PROVIDED MATERIAL:
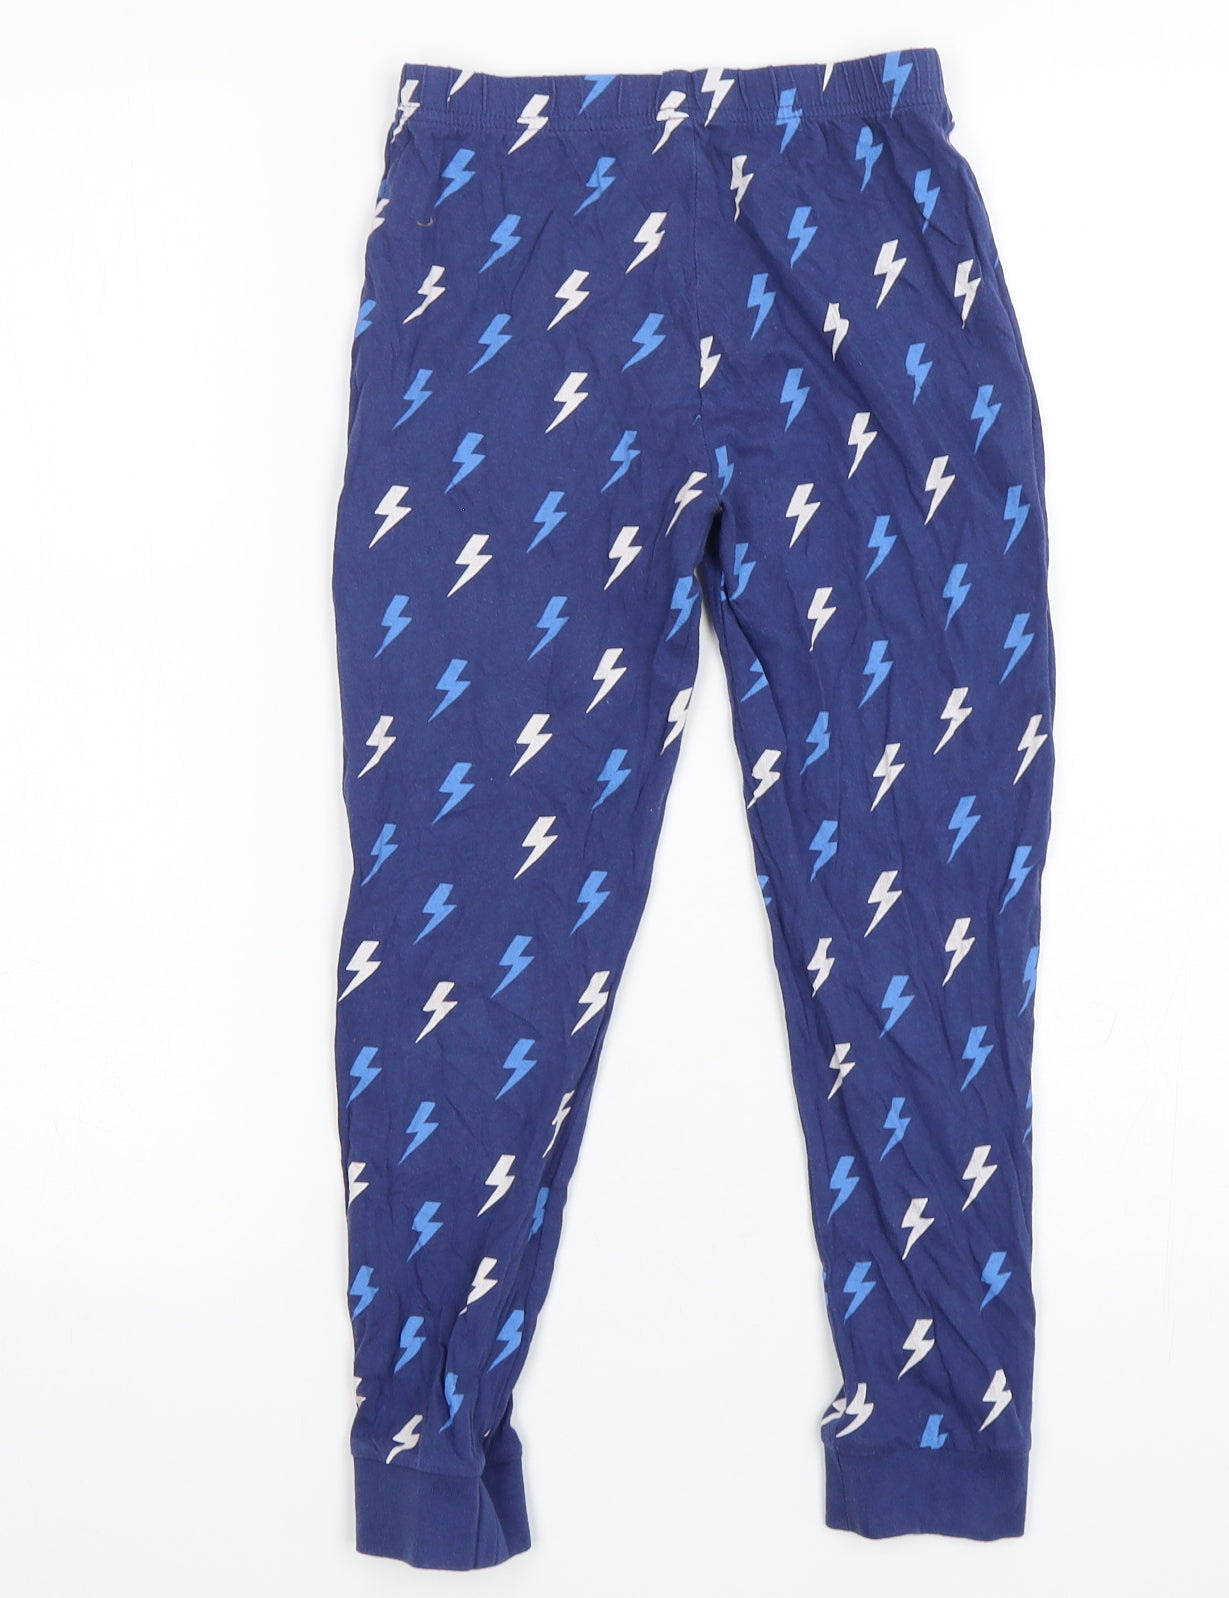 F&F Boys Blue Spotted Cotton  Pyjama Pants Size 7-8 Years
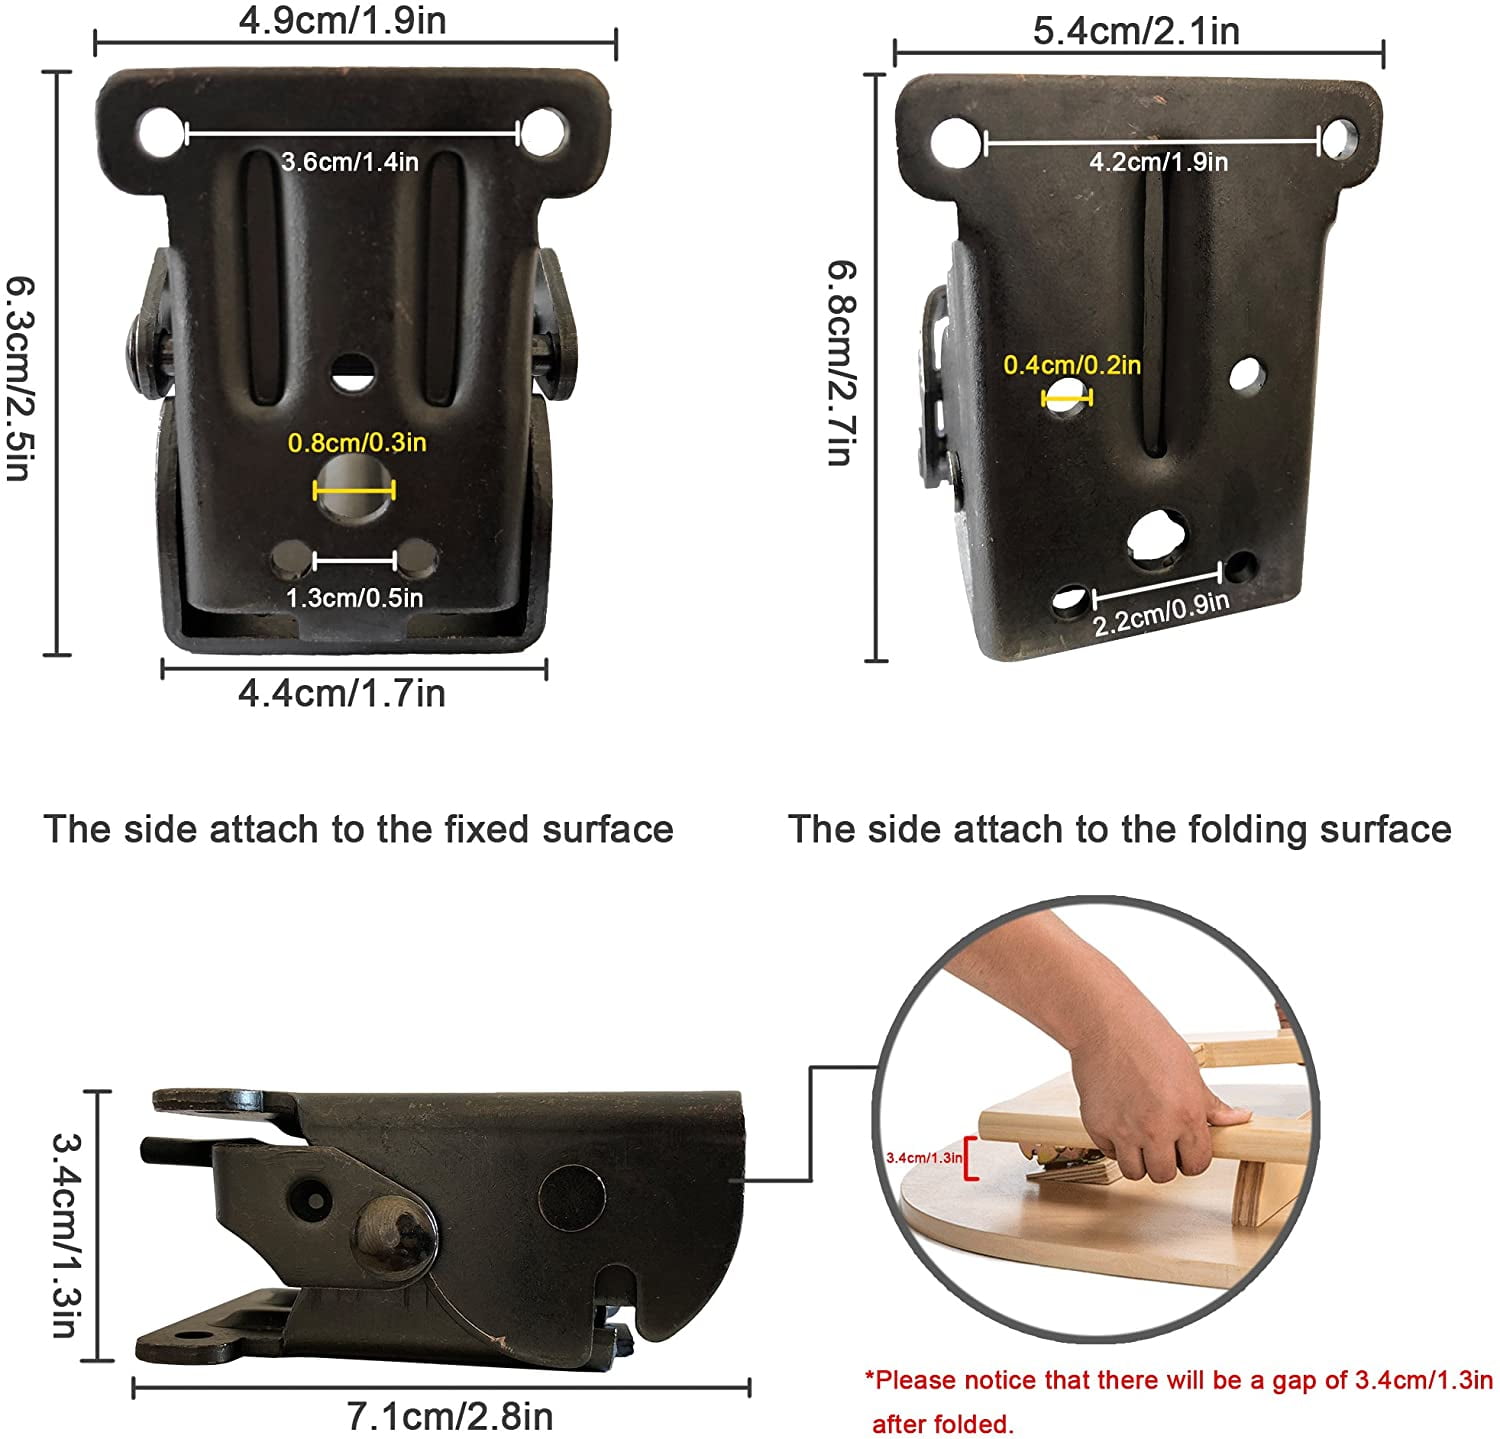 Workbench Skelang Foldable Bracket Self-Lock Hinge Hardware with Screws Lock Extension Support for Table Leg Bed Leg Pack of 4 
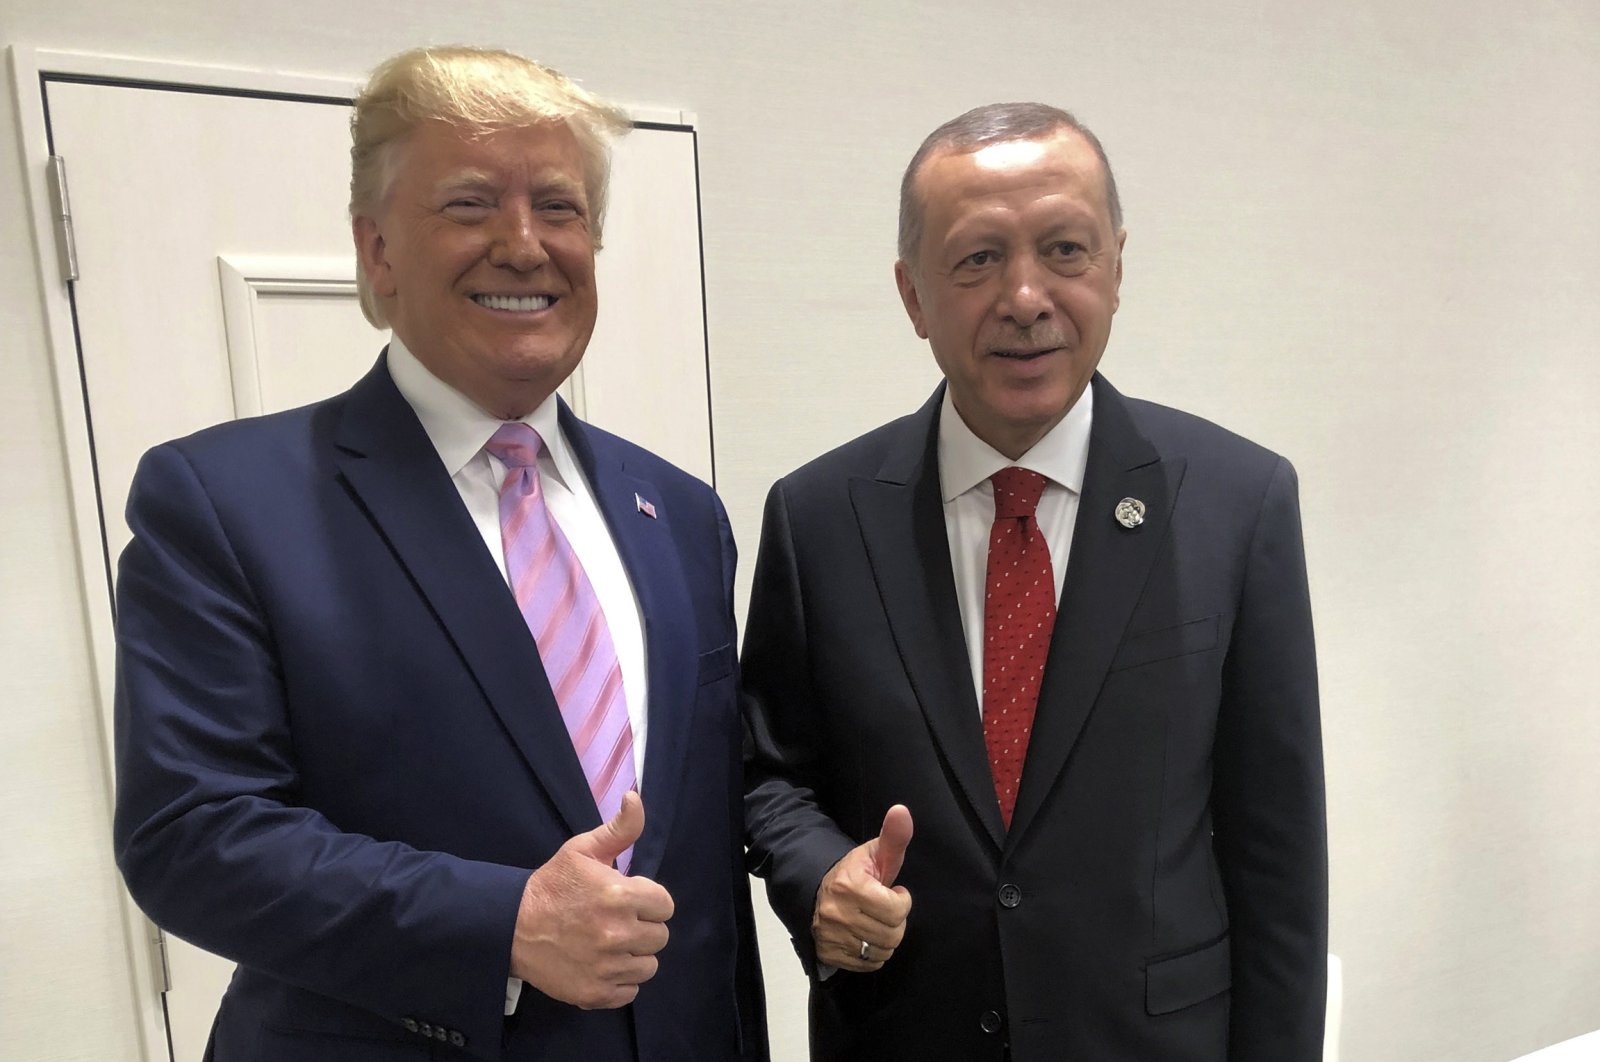 President Recep Tayyip Erdoğan, and U.S President Donald Trump gesture during the G-20 summit in Osaka, Japan, Friday, June 28, 2019. (AP Photo)

TASK DESCRIPTION: Could you repeat all of the material exactly? Pictures should not be copied.

EXERCISE ANSWER:
 F&F Boys Blue Spotted Cotton  Pyjama Pants Size 7-8 Years
 Workbench Skelang Foldable Bracket Self-Lock Hinge Hardware with Screws Lock Extension Support for Table Leg Bed Leg Pack of 4 
 President Recep Tayyip Erdoğan, and U.S President Donald Trump gesture during the G-20 summit in Osaka, Japan, Friday, June 28, 2019. (AP Photo)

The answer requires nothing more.